Selon Dr Bruno Nduka, «  l’objectif principal du présent programme est de renforcer les capacités des professionnels des médias dans le reportage des crimes transnationaux organisés, particulièrement le blanchiment de capitaux et le financement du terrorisme, et de fournir un cadre permettant aux participants de partager leurs expériences et de favoriser la coopération et la collaboration pour une mise en œuvre efficace des mesures de LBC/CFT ».

« Le Secrétariat continuera par fournir l’appui nécessaire pour faciliter la mise en œuvre efficace des mesures de LBC/FT dans notre région », a-t-il indiqué, après avoir regretté que la pandémie de la COVID-19 ait entraîné des modifications dans la conduite des activités du GIABA, citant pour preuve la reprogrammation de plusieurs de ses activités.

« Il y a de cela dix ans, le GIABA s’est engagé à donner la priorité à l’implication d’acteurs non traditionnels de la LBC/FT tels que les médias, les organisations de la société civile, les leaders religieux et les organismes confessionnels, les groupes de jeunes et le monde universitaire dans ses activités », a-t-il ensuite rappelé pour noter qu’un « tel élargissement de la base de nos parties prenantes à la LBC/FT dans la région a accru de manière significative la sensibilisation du grand public sur les questions de lutte contre le blanchiment de capitaux et le financement du terrorisme dans notre espace ».

« Les criminels exploitent par conséquent les vulnérabilités émergentes pour poursuivre leurs activités illicites. De façon particulière, les criminels et terroristes exploitent la pandémie de la COVID-19 et le ralentissement économique qui y est associé pour se lancer dans de nouvelles activités à forte intensité de cash dans les pays en développement afin de blanchir le produit du crime et de financer leurs opérations », a-t-il notifié.

« Par conséquent, a-t-il poursuivi, les risques émergents de BC/FT façonneront l’environnement mondial de conformité et, sans nul doute, ajouteront aux défis actuels de mise en œuvre de la LBC/FT dans la région. Ainsi, les médias et la société civile doivent s’adapter rapidement et se tenir au fait de ces développements, et, à travers leurs différents canaux, faire ressortir ces nouvelles activités alternatives de BC/FT clandestines afin de permettre aux États membres de concevoir des mesures correctives appropriées ».

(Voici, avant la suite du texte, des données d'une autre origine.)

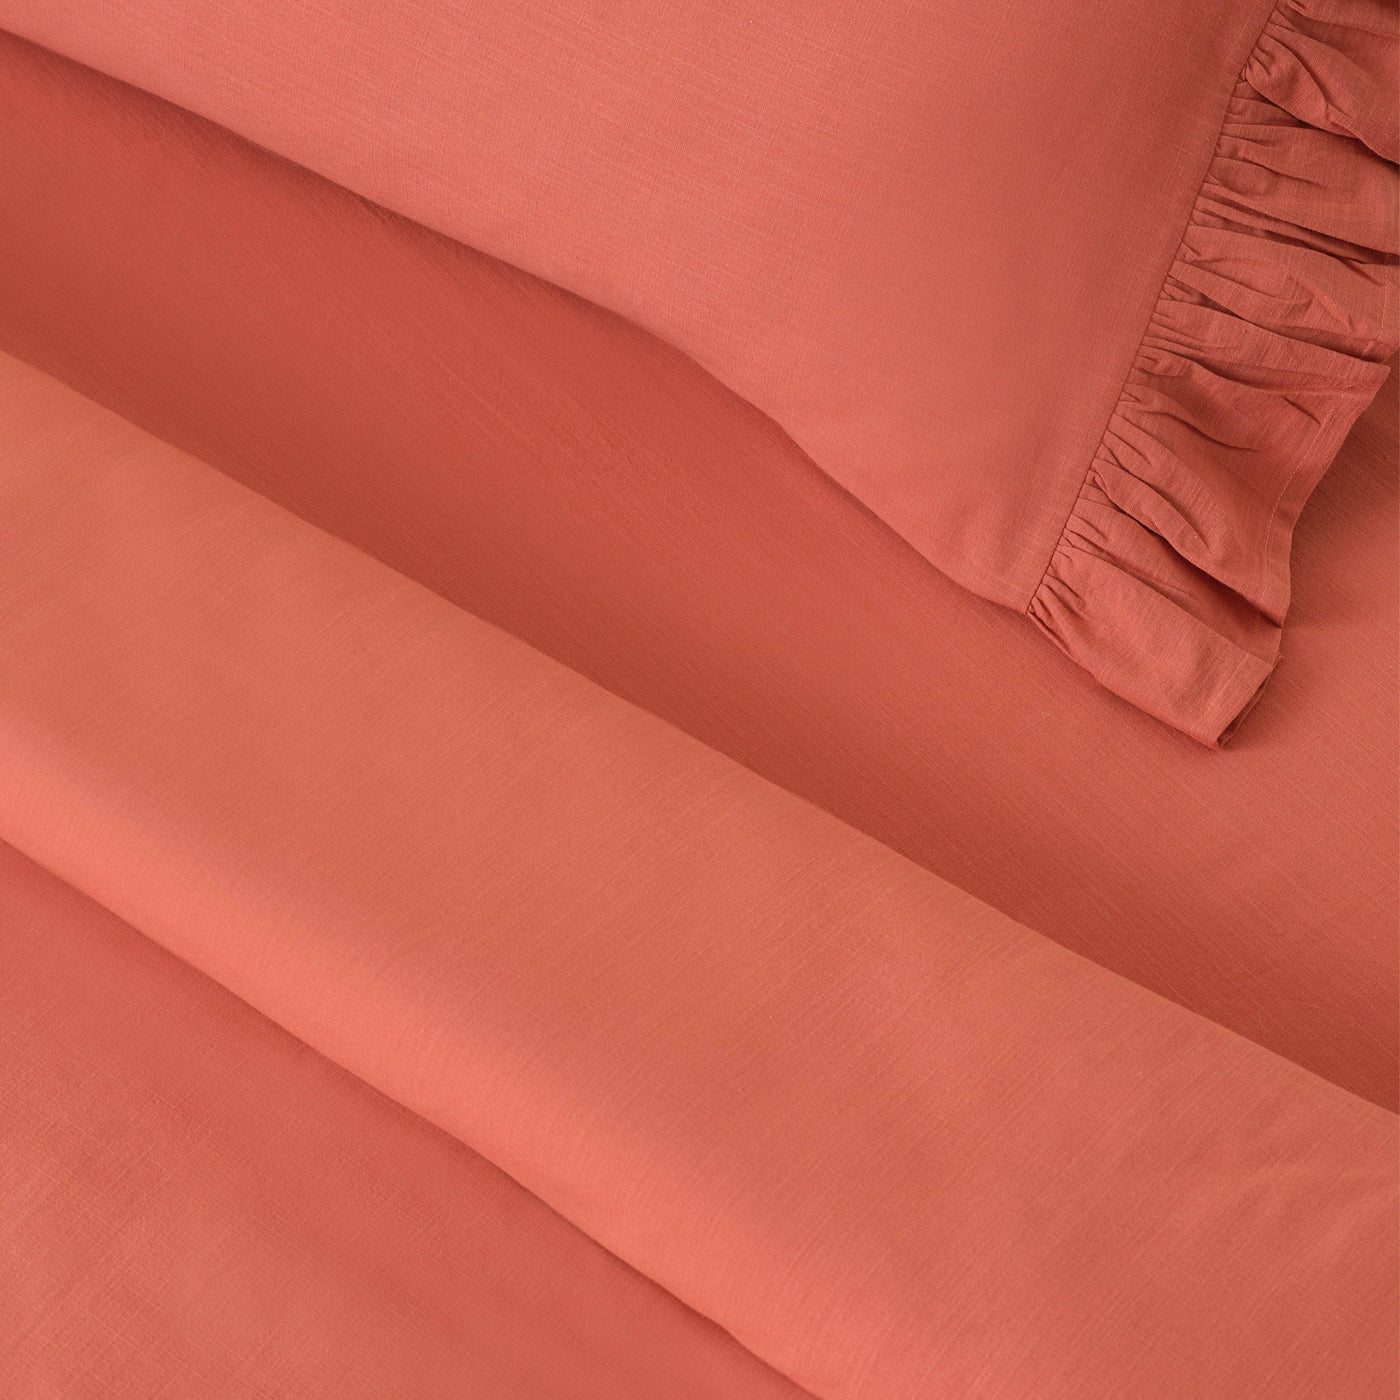 Ruby 100% Turkish Cotton Fitted Sheet, Terra, Super King Size Bed Sheets sazy.com

Dr Bruno Nduka a également rassuré les participants de l’engagement du GIABA à continuer à mobiliser ce secteur et à continuer à fournir l’appui indispensable pour s’assurer que les médias soient à la hauteur de leur plein potentiel dans la lutte contre le blanchiment de capitaux et le financement du terrorisme.

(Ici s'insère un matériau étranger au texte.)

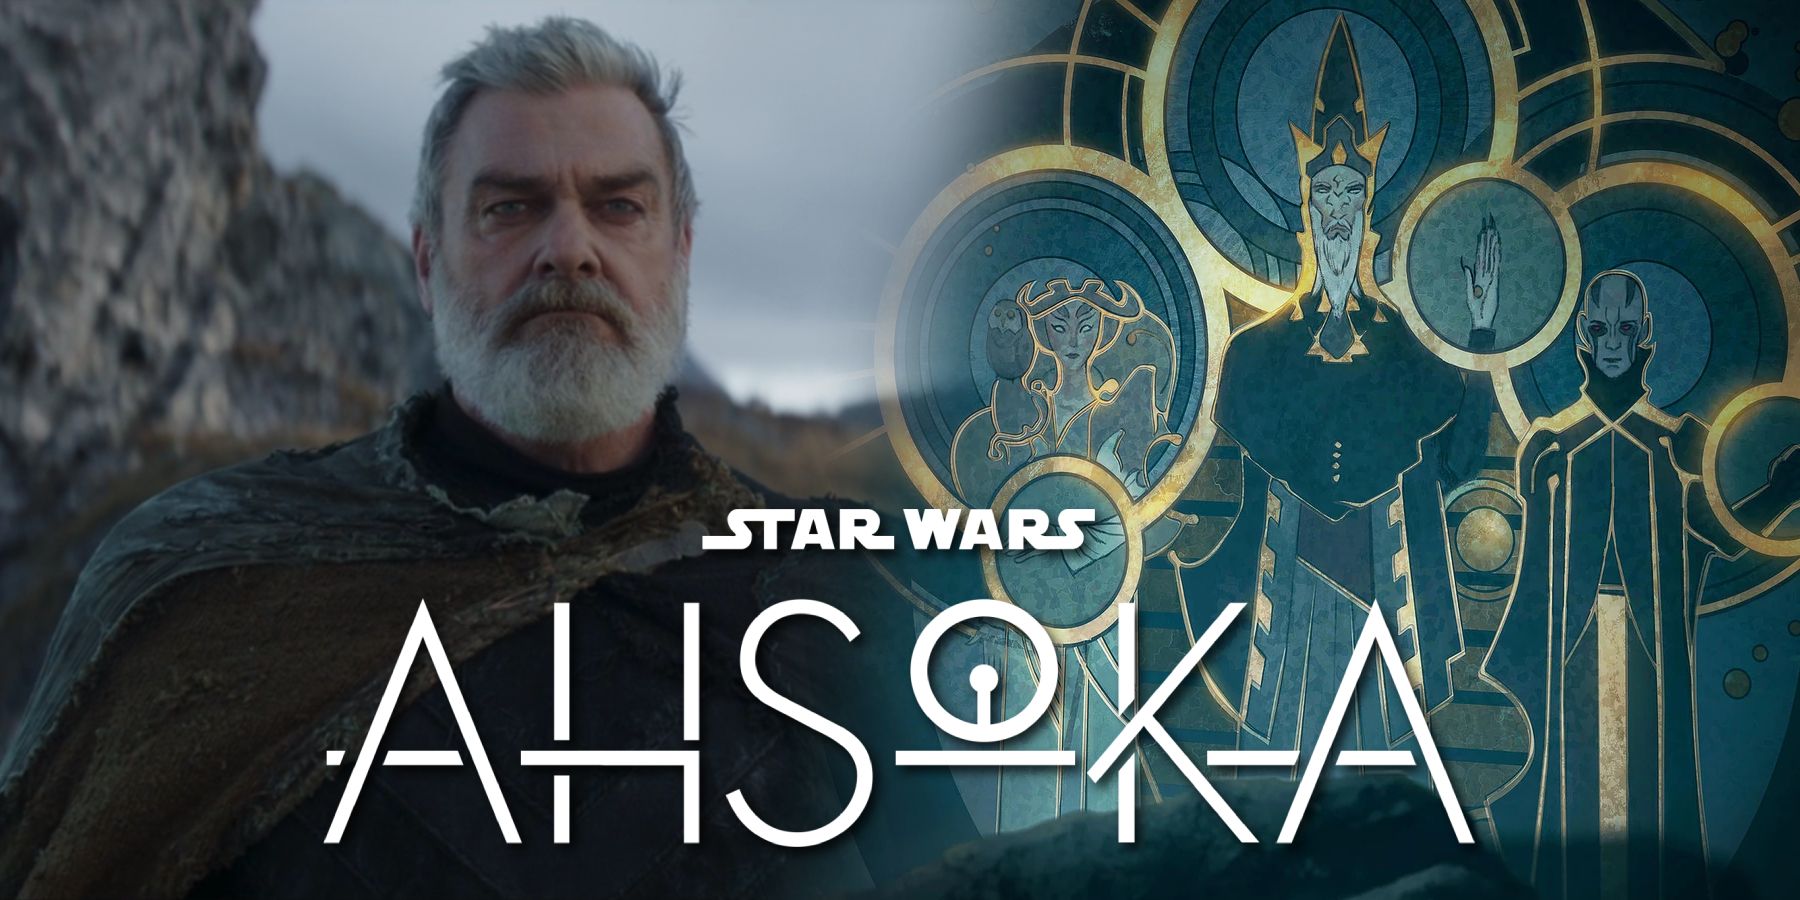 Ray Stevenson as Baylan Skoll on the Star Wars series Ahsoka next to a painting of the Father, the Son, and the Daughter

 « Cette année, le GIABA célèbrera ses 20 années d’existence. Nous espérons que nos partenaires des médias saisiront cette opportunité pour célébrer les jalons que nous avons franchis dans la lutte contre le blanchiment de capitaux et le financement du terrorisme dans la région », a-t-il enfin conclu.

Lors de cette première journée, note-t-on, des experts des médias expérimentés en matière de LBC/FT, et le personnel du GIABA ont, à travers des présentations, des études de cas, des échanges d’expériences, développé plusieurs thématiques, dont la compréhension du cadre mondial de lutte contre le blanchiment de capitaux et le financement du terrorisme (LBC/FT) ;  l’élaboration des méthodes et stratégies d’enquêtes, en tenant compte des particularités  nationales ; l’utilisation des nouvelles technologies dans le journalisme d’enquêtes :  perspective internationale et régionale ; la mise en place et le fonctionnement de réseaux  efficaces de déclaration en matière de LBC/FT ; l’utilisation et la gestion des ’’nouveaux’’ médias pour des déclarations efficaces du crime et une sensibilisation accrue.